Task: Word-for-word repetition of the records below is needed, but only from the line holding "Ordnance Depot Jobs" through the final line, with pictures excluded.

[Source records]

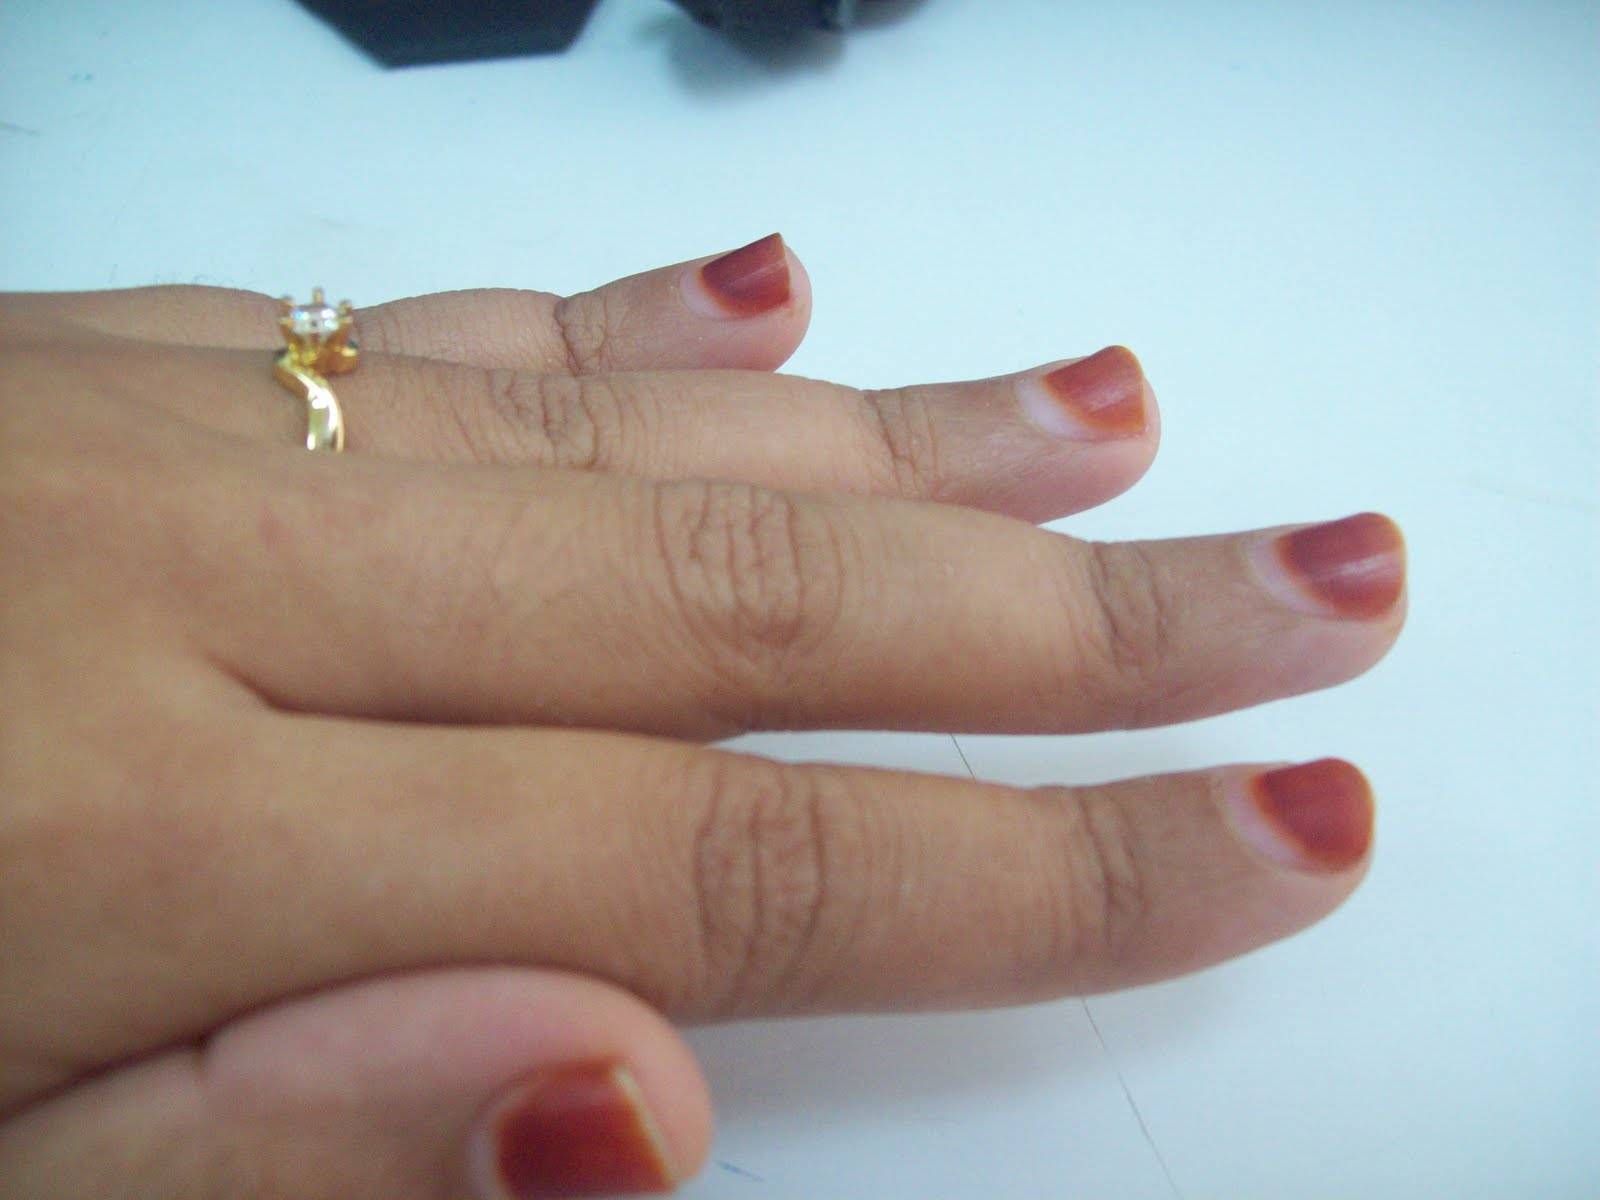 Cerita Erina Review Henna Tangan Amp Kaki
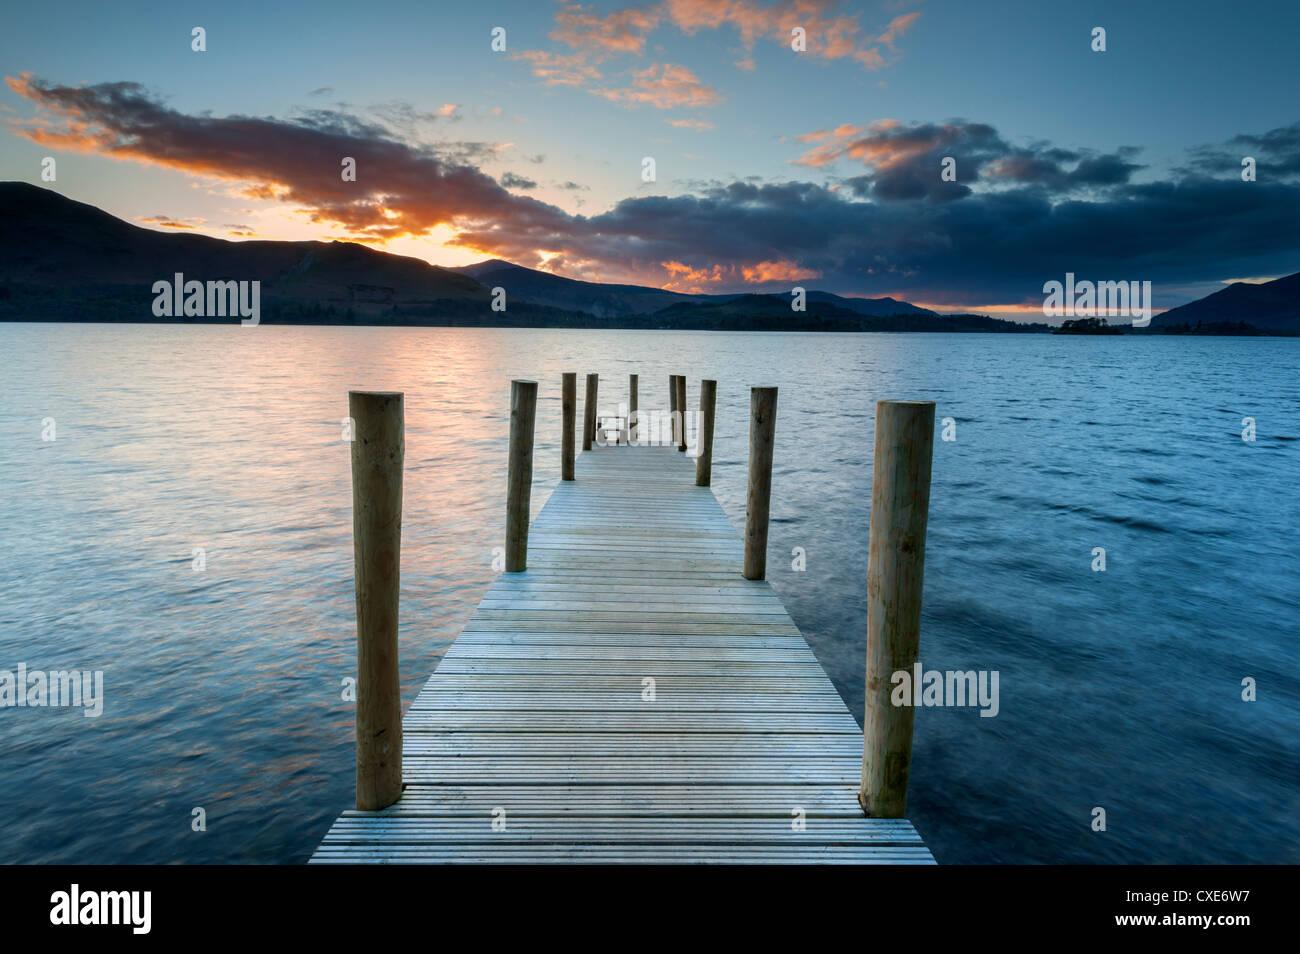 Sunset at Ashness Jetty, Barrow Bay, Derwent Water, Keswick, Lake District National Park, Cumbria, England - Stock Image
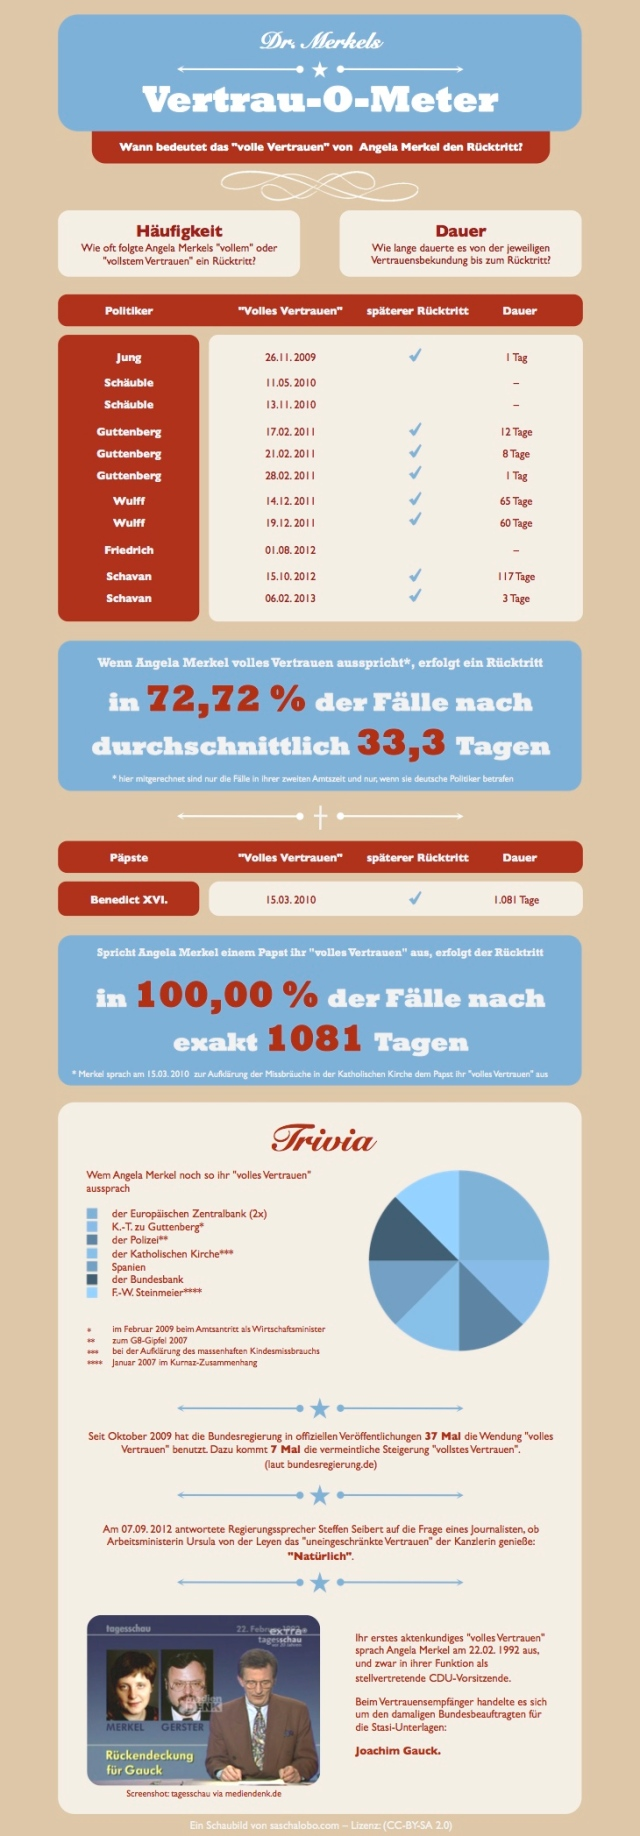 Angela Merkels Vertrau-o-Meter (Papst-Edition) [Bild von saschalobo.com Lizenz: CC-BY-SA 2.0]
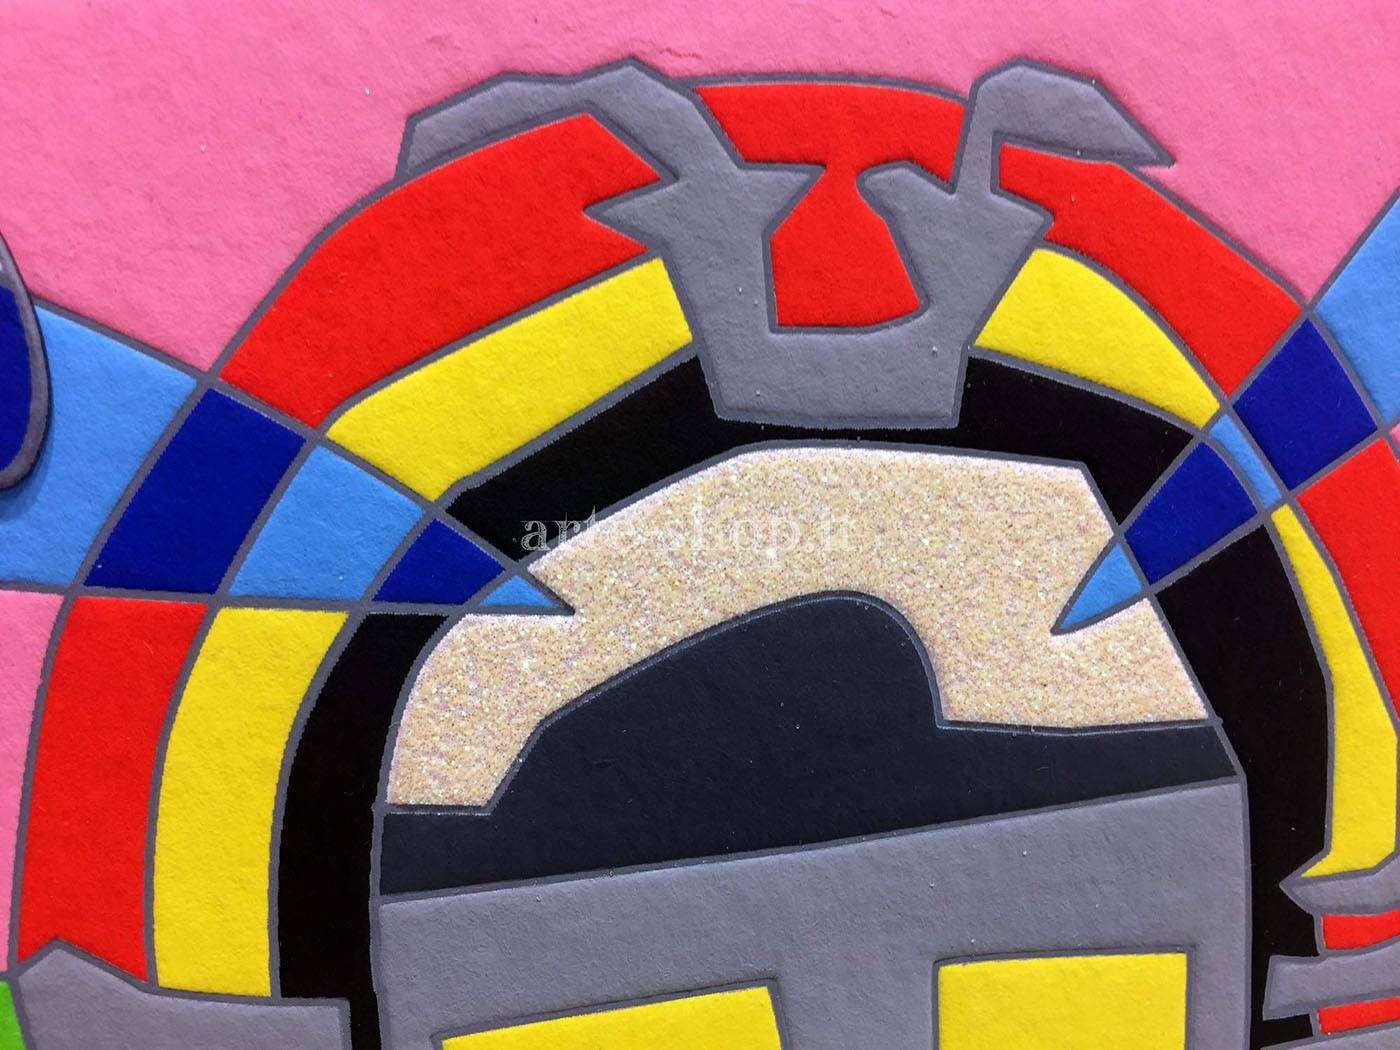 arte pentagono shop dettaglio numero 249
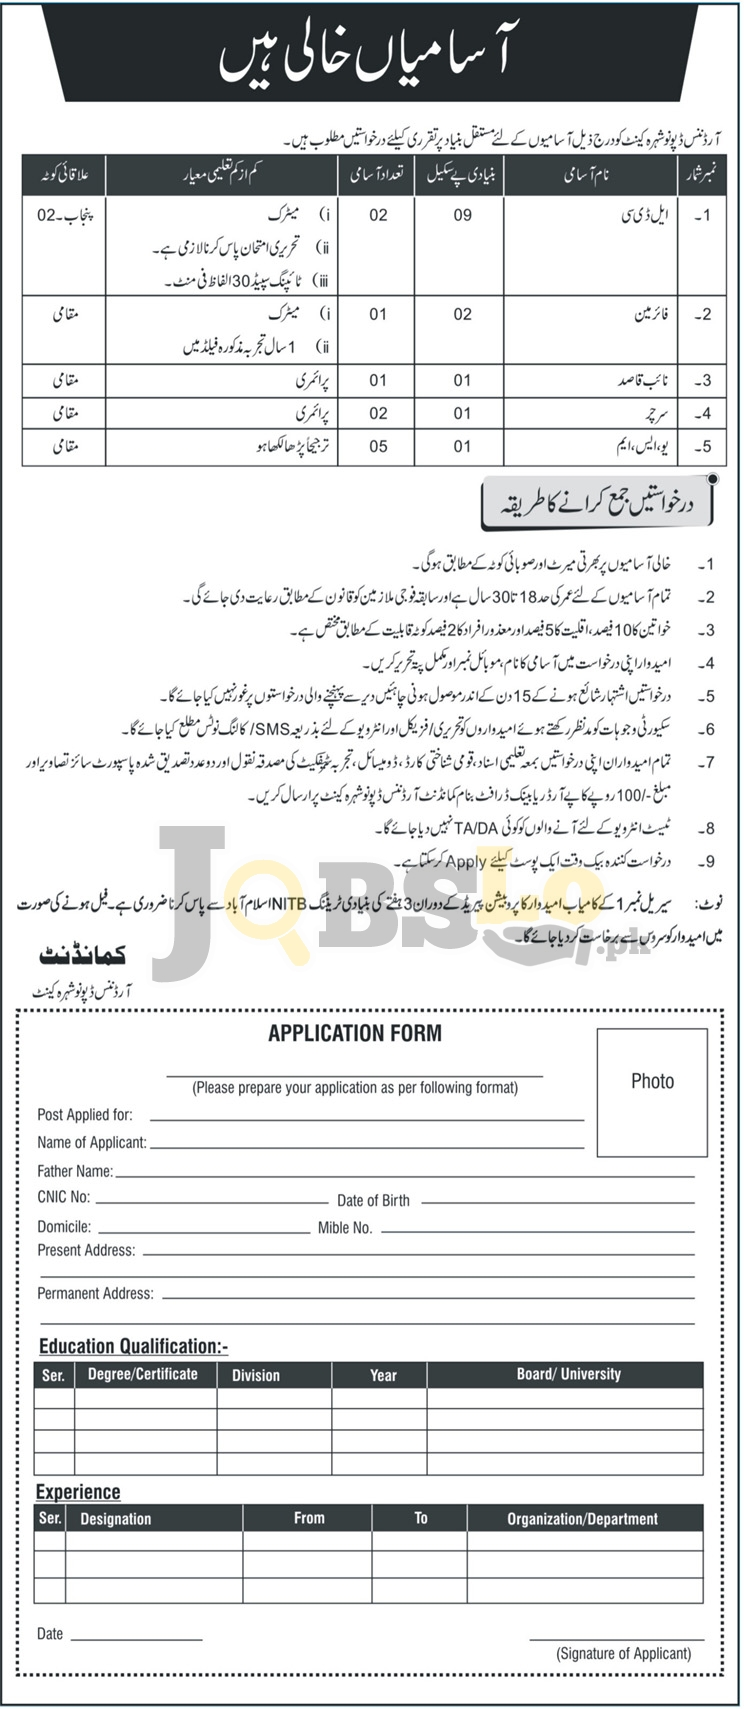 Ordnance Depot Jobs 2018 Pak Army Nowshera Latest Vacancies
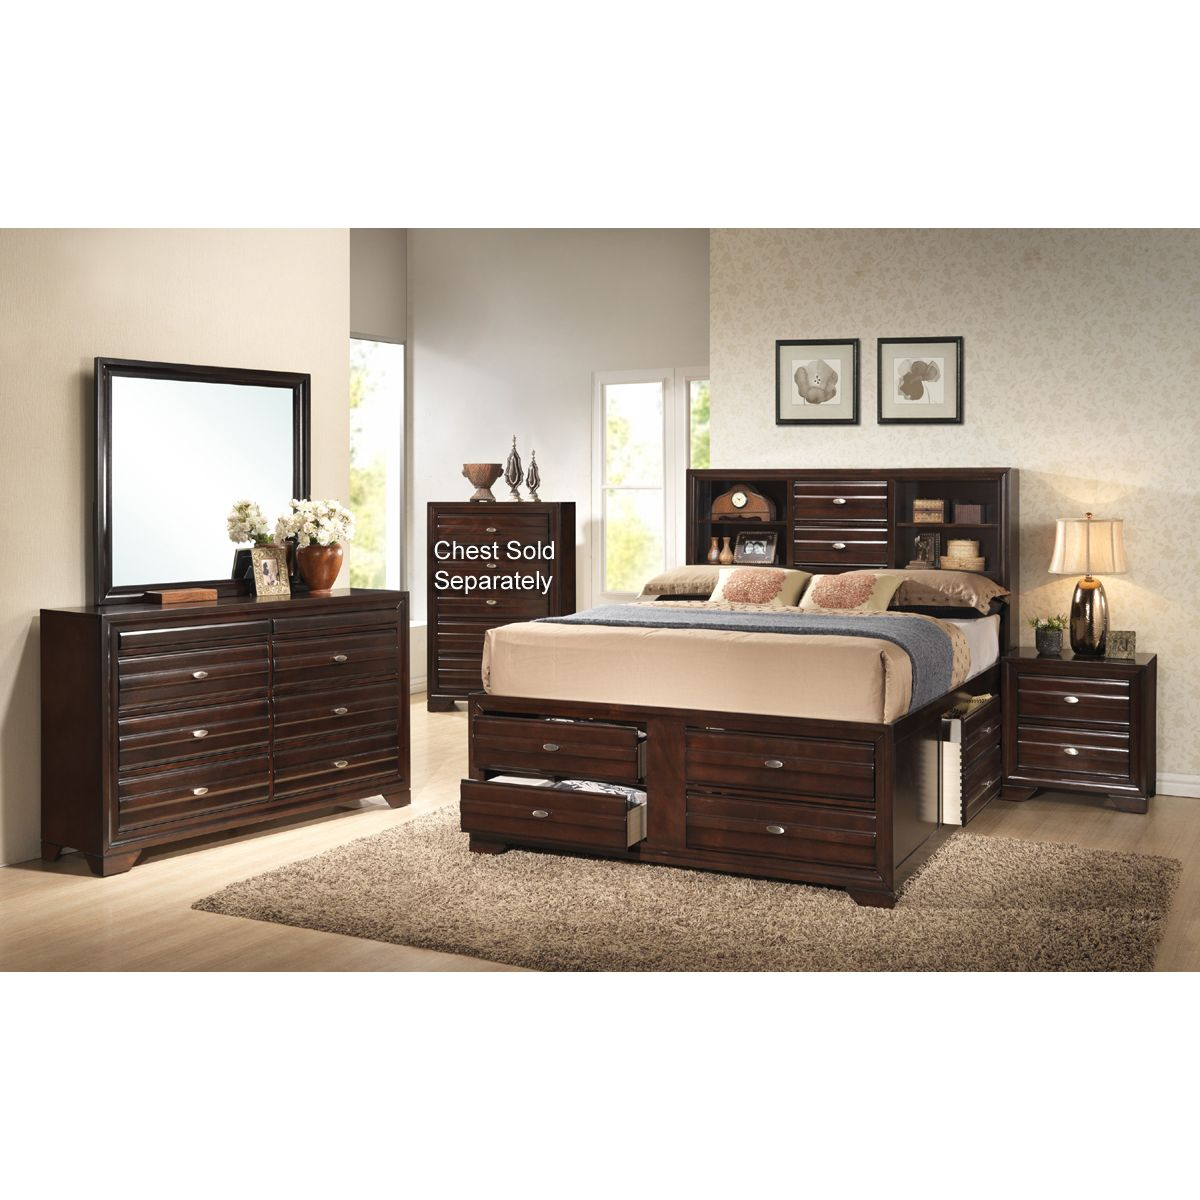 7 piece bedroom furniture sets photo - 1

Finished task:
 Ordnance Depot Jobs 2018 Pak Army Nowshera Latest Vacancies
 7 piece bedroom furniture sets photo - 1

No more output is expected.